Edited Date: 2008-11-06 09:53 am (UTC)

Date: 2008-11-06 11:41 am (UTC)
From: [identity profile] ephemera.livejournal.com
a) amen!
b) you're back in the interwebnets! hurray! It's good to hear from you.

Date: 2008-11-06 02:27 pm (UTC)
From: [identity profile] hsb.livejournal.com
It strikes me that the person you were arguing with has not understood that everyone on that post is using "privilege" the sociological term and not "privilege" the word as commonly used. Perhaps no one has ever explained to them that the two are different.

The first implies that the privileged person benefits from a series of assumptions by others about their motives, actions and background. The second implies that the privileged person got more-tangible benefits, probably based on the ability of someone to shell out money. Just because you lacked the second doesn't mean that you didn't benefit from the first.

So, for example, two people can have equal levels of (common-term) privilege, but because of (sociological) privilege, only one of them will be regarded with suspicion by passers-by who do not know them, for no reason other than that they have darker skin.
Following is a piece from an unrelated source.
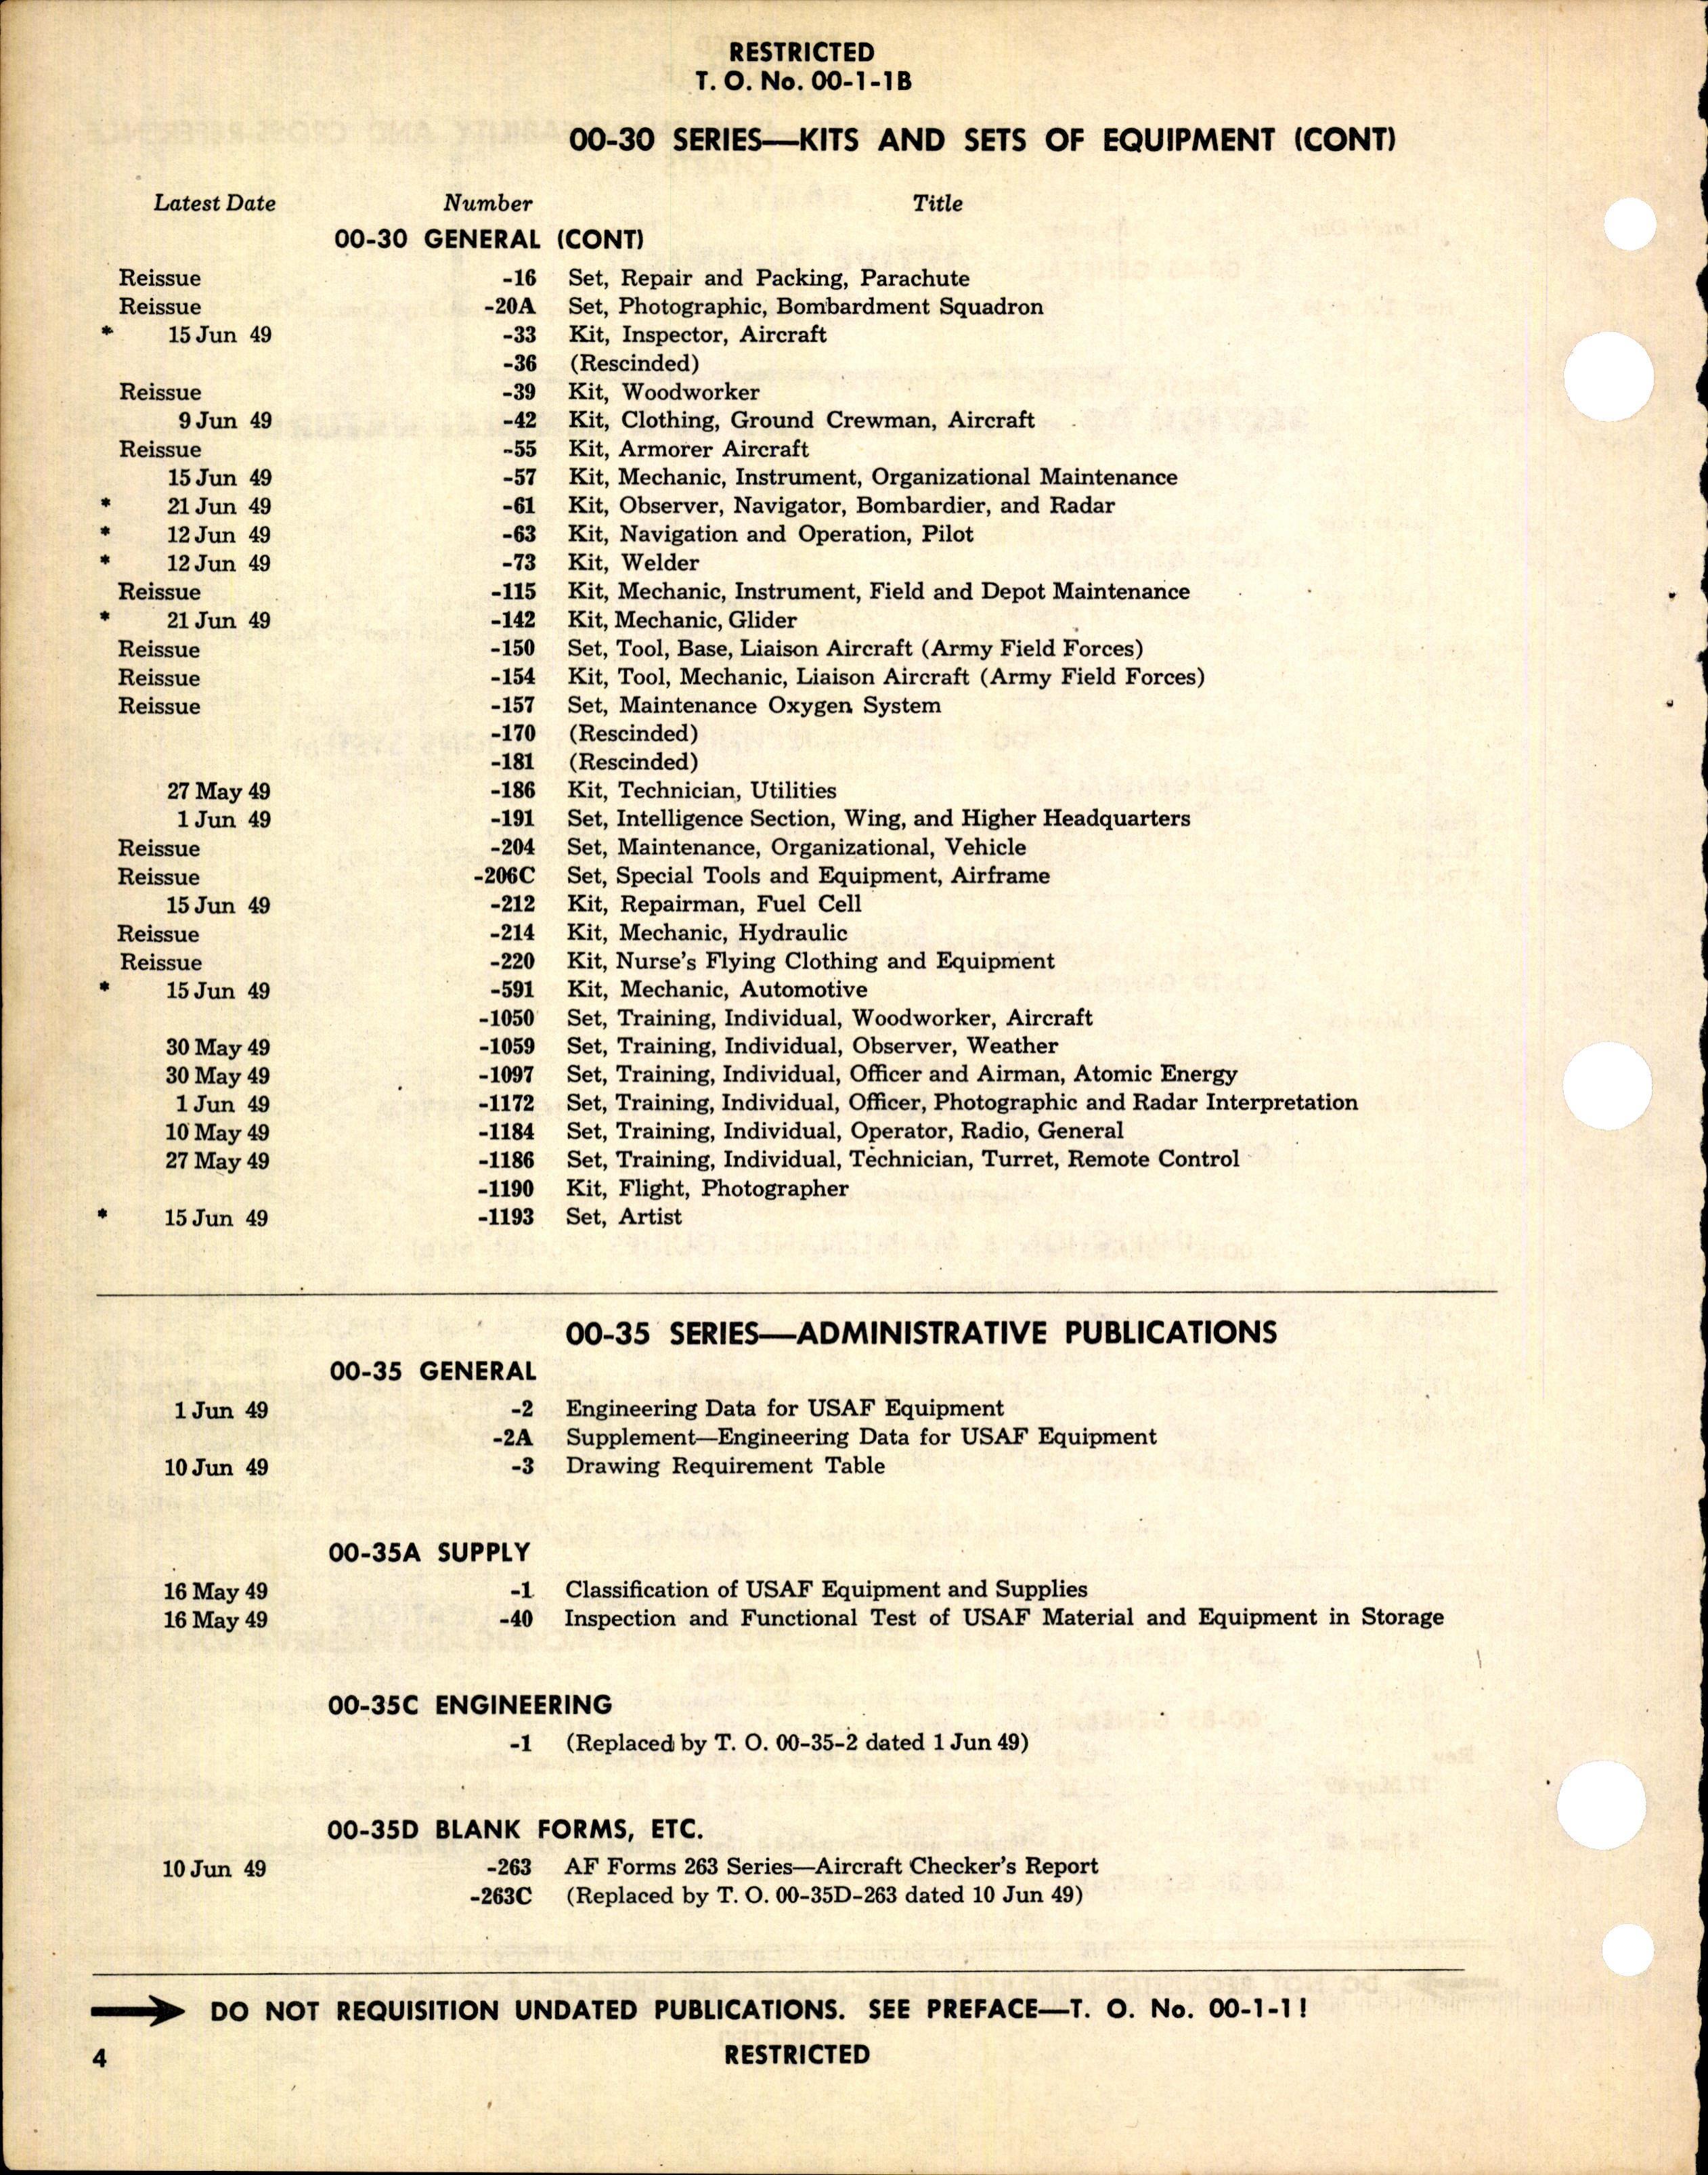 Sample page 4 from AirCorps Library document: Numerical List of Technical Publications

See also the comment in Men In Black that the fancy car that drives itself came with a black dude, but it had to be changed because he kept getting pulled over.

I can't face pointing that out, however, so I'll post it here where everyone reading it already knows this shit *sigh*.
H

Date: 2008-11-06 10:20 pm (UTC)
From: [identity profile] apiphile.livejournal.com
TBH I'm not sure the person Shira was arguing with would understand the difference between the two unless you beat it into her with a stick. She's very invested in being hard-done-by and has a bad case of Only Gay In The Village syndrome as well.
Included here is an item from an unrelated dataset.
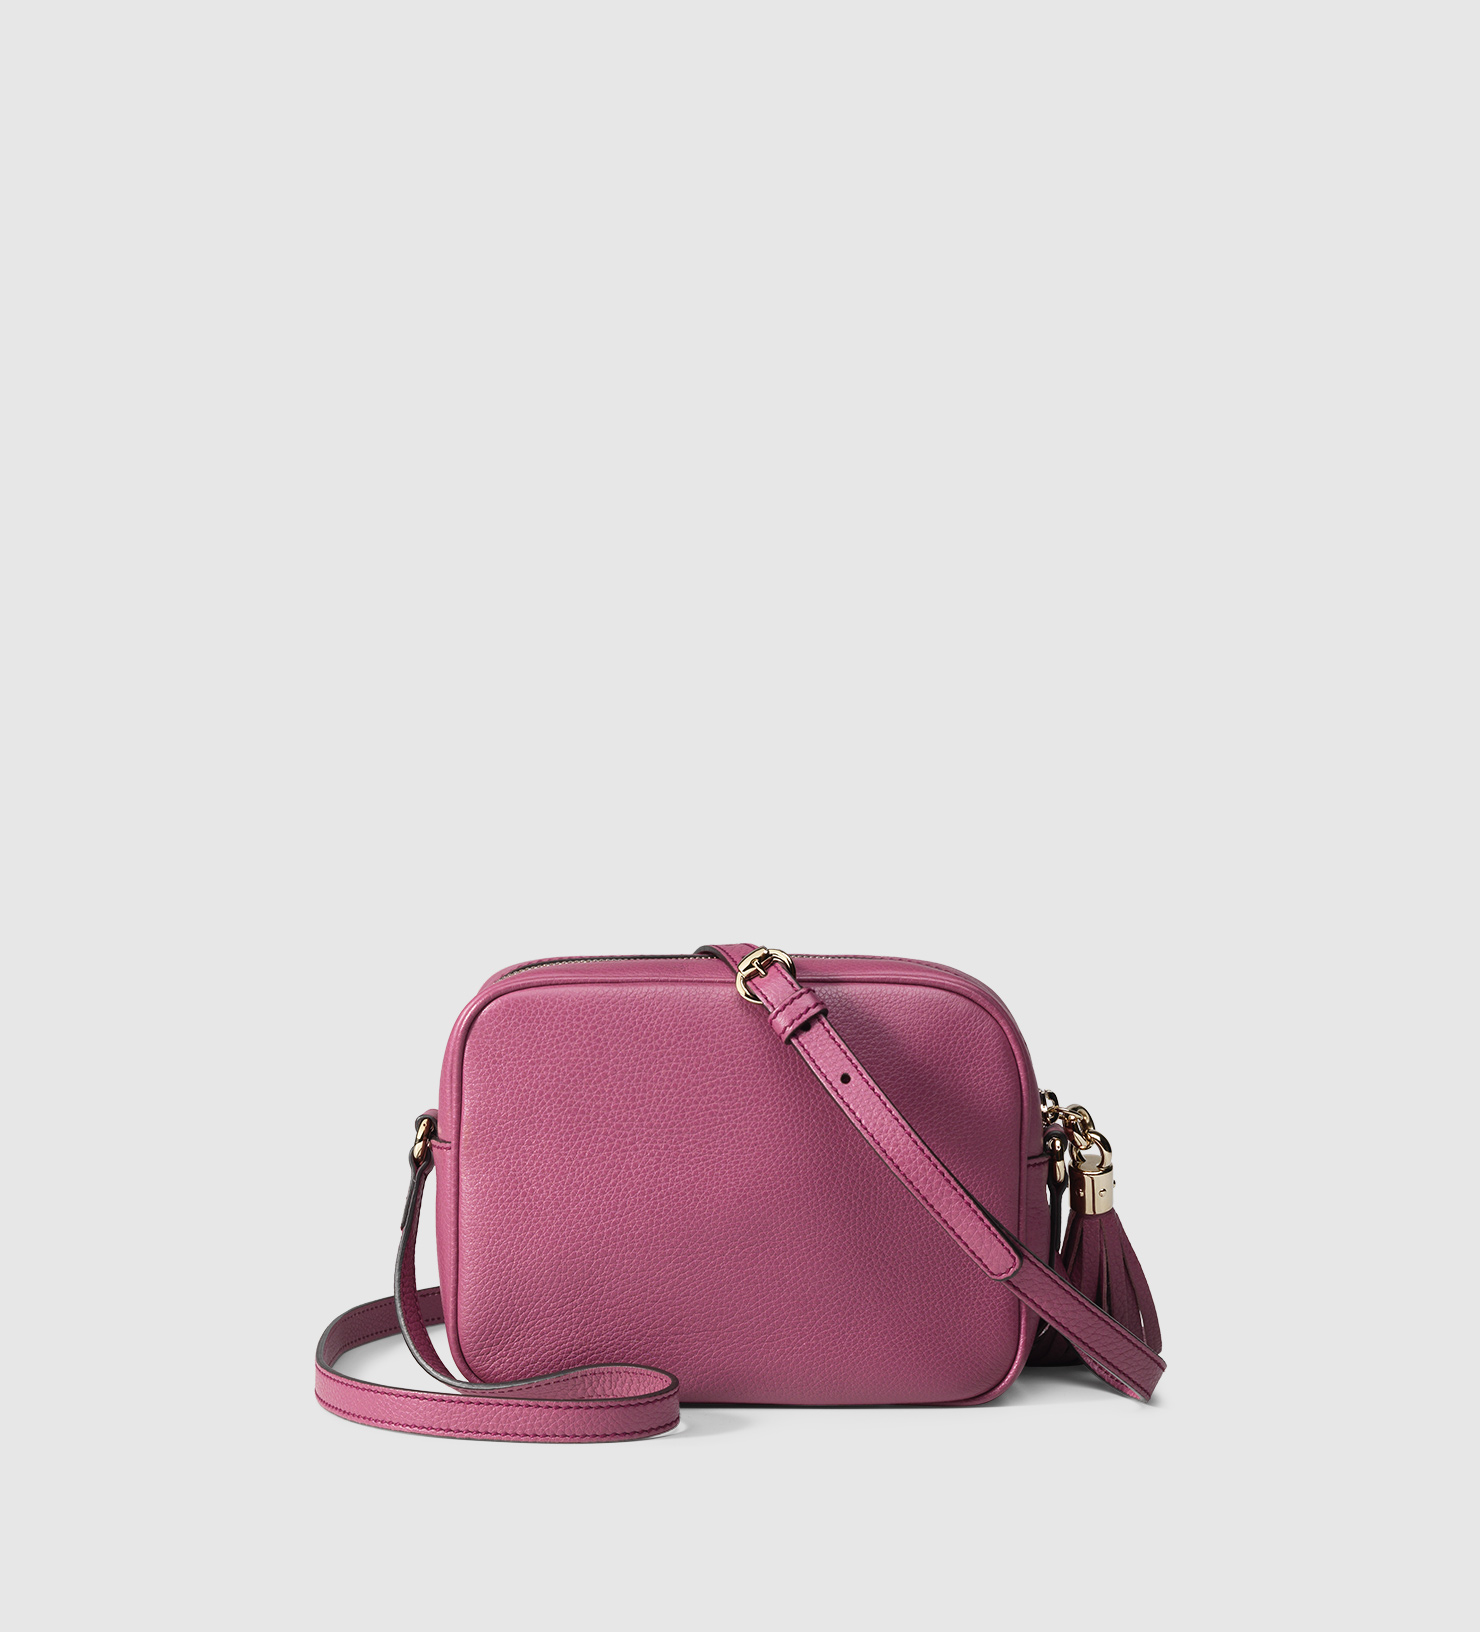 Gucci Soho Leather Disco Bag in Natural (Purple) - Lyst

Date: 2008-11-08 10:14 pm (UTC)
From: (Anonymous)
This is true. I've only read that one exchange and she seemed to be playing the Pythons' Yorkshireman sketch all by herself.

Not worth your time, Shira's or mine, I would say.

H

Date: 2008-11-08 10:15 pm (UTC)
From: [identity profile] hsb.livejournal.com
Oops, forgot I wasn't logged in yet.

Sorry

Date: 2008-11-06 03:11 pm (UTC)
From: [identity profile] gothhippiegrrl.livejournal.com
Well said. :)

Miss you, darling. Email me when you get a moment. :) Love you.
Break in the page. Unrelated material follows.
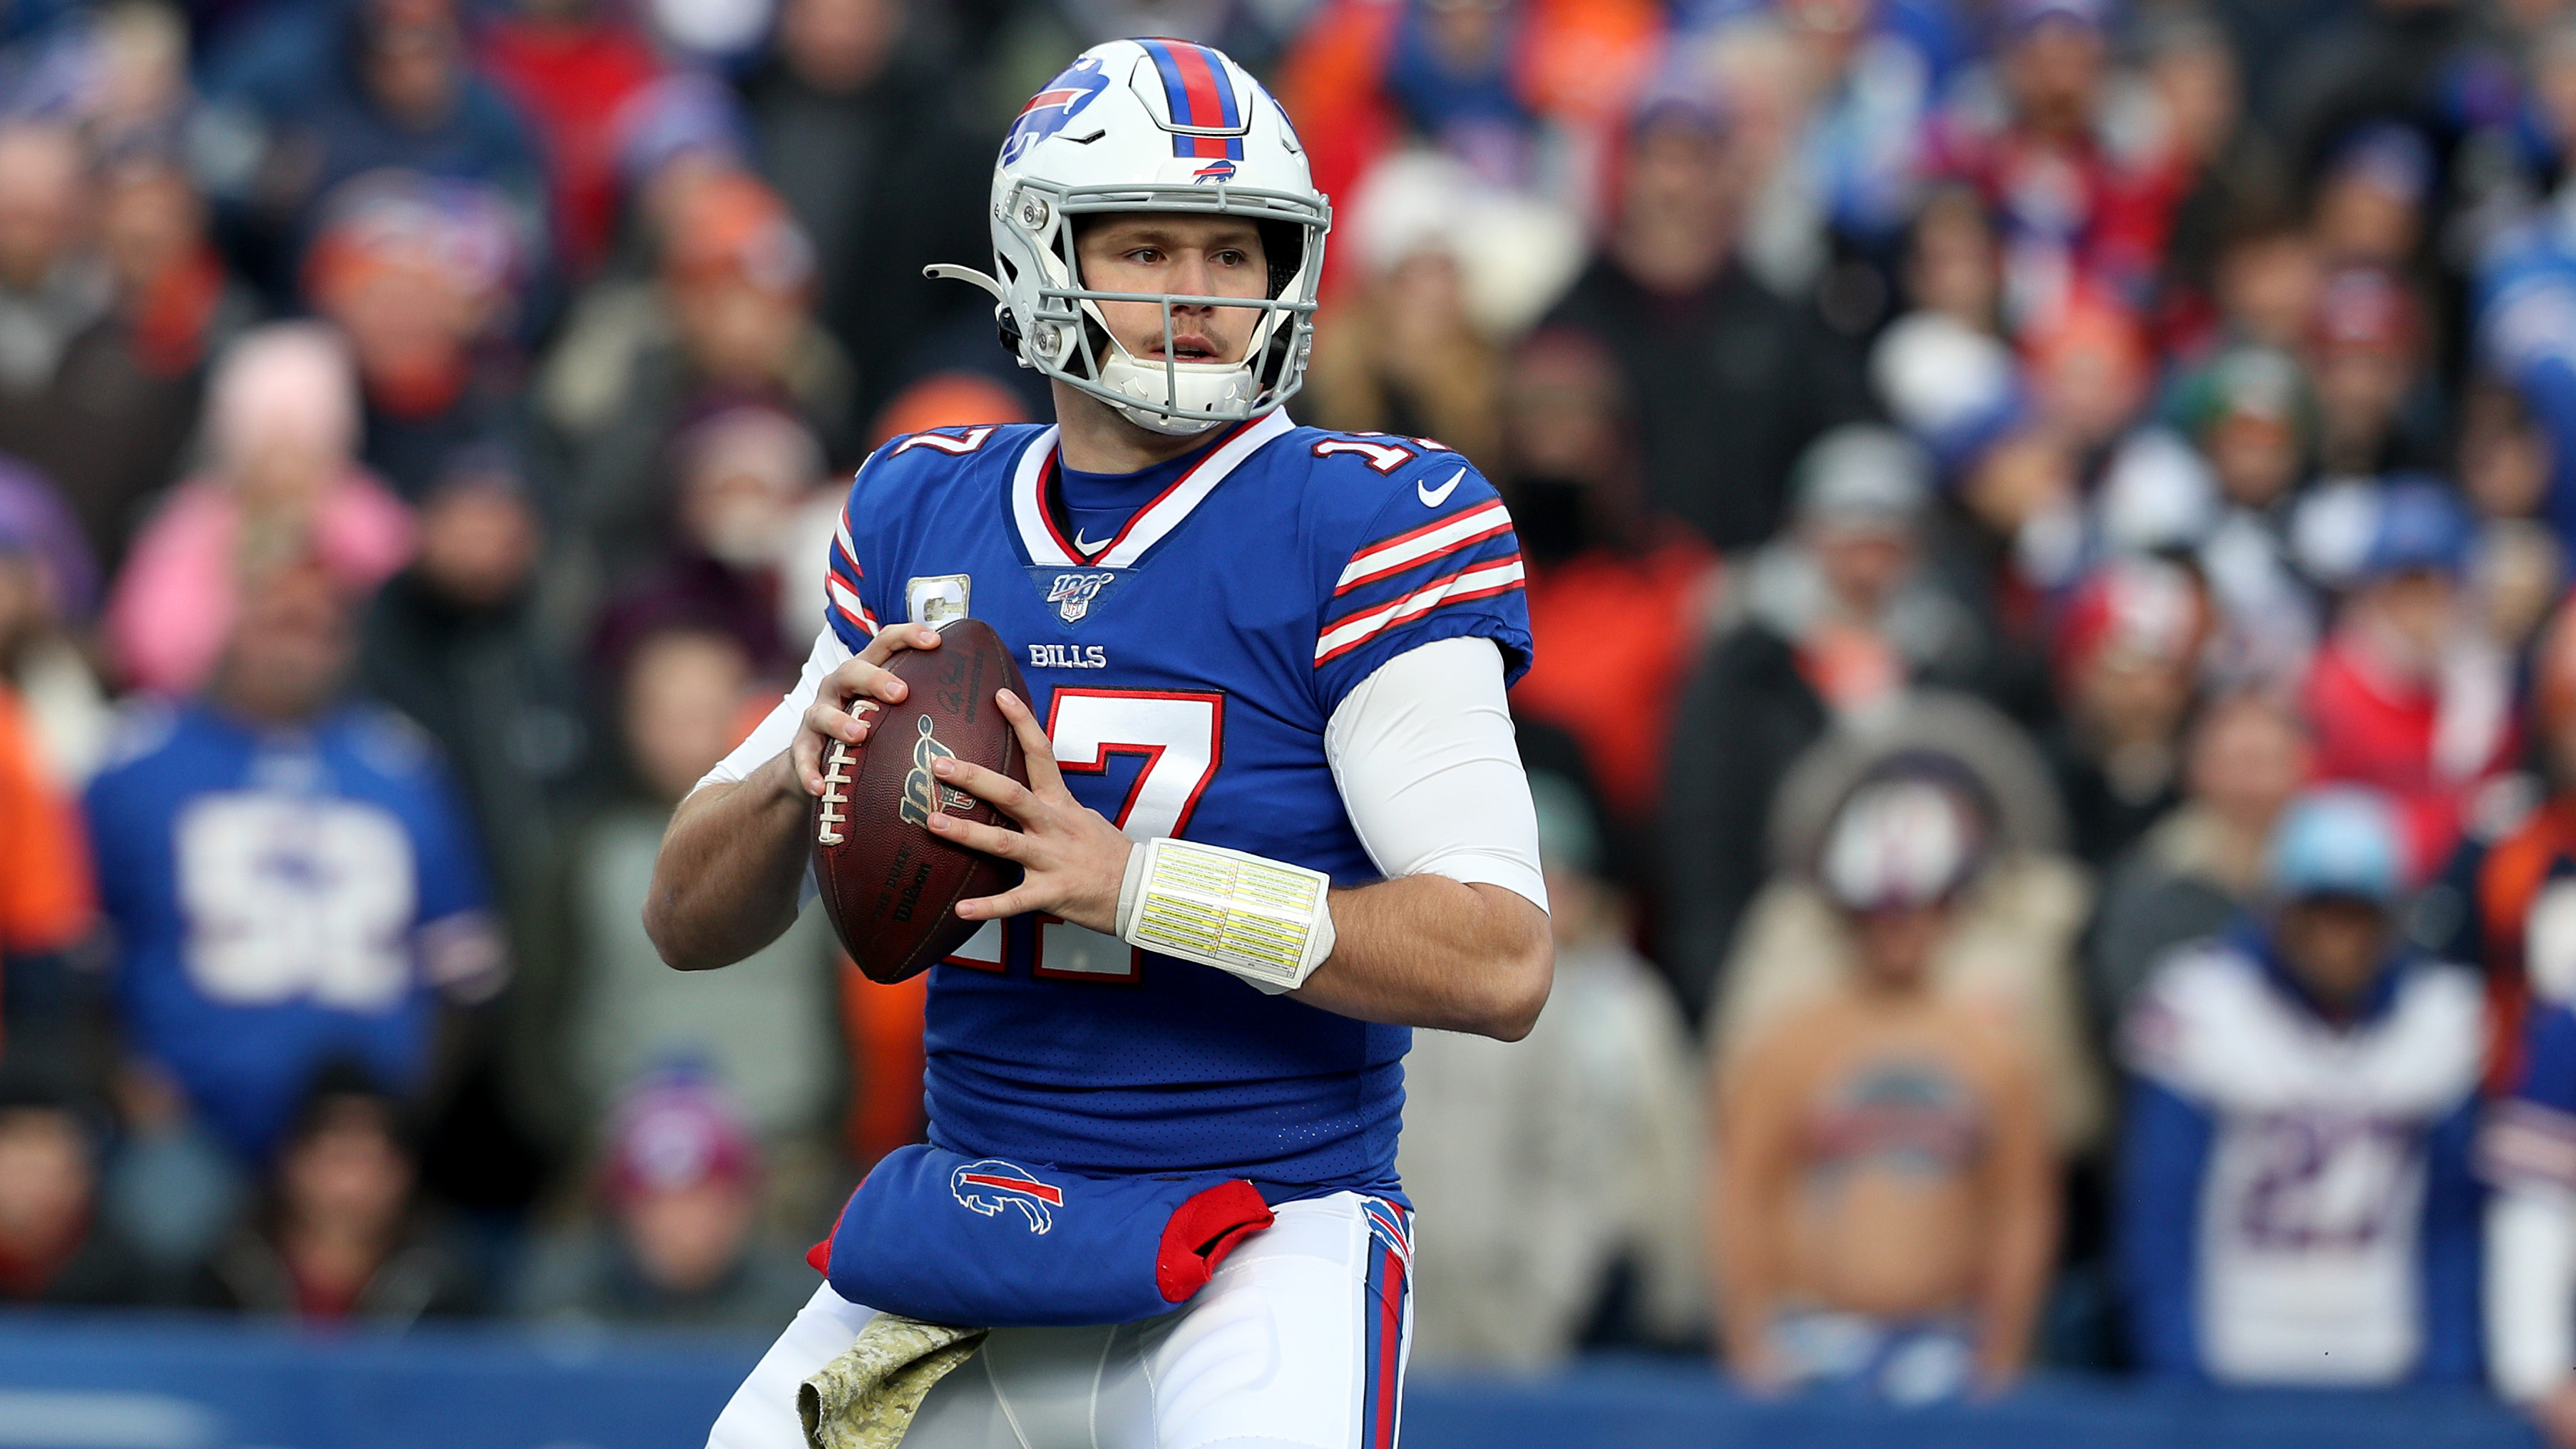 Josh Allen and the Bills start their highly-anticipated 2020 season against...

Date: 2008-11-06 03:39 pm (UTC)
From: [identity profile] hopeness.livejournal.com
Well said.

Date: 2008-11-06 11:05 pm (UTC)
From: [identity profile] in-thy-bounty.livejournal.com
Suffering Trumps - those are two words that are entering my vocabulary from right now.
(deleted comment)

Date: 2008-11-07 02:39 am (UTC)
From: [identity profile] redshira.livejournal.com
Hello, yes, Anwen has told me about you and your interesting braims :) Let mutual adding ensue!

well

Date: 2008-11-07 04:50 am (UTC)
From: [identity profile] discobabs.livejournal.com
sorry 2 b off-topic here --- but it is a relief to see you have landed safely. I have been off-line because my IP had gone belly up for over a week now with no relief soon... don't get the ranting started. I have had no internet, no phone and no cable and the bunnies are making me yank my hair madly.

Feeling like crrrrap too but oh well... lots to chat about. See you soon I hope, if my current IP signal holds.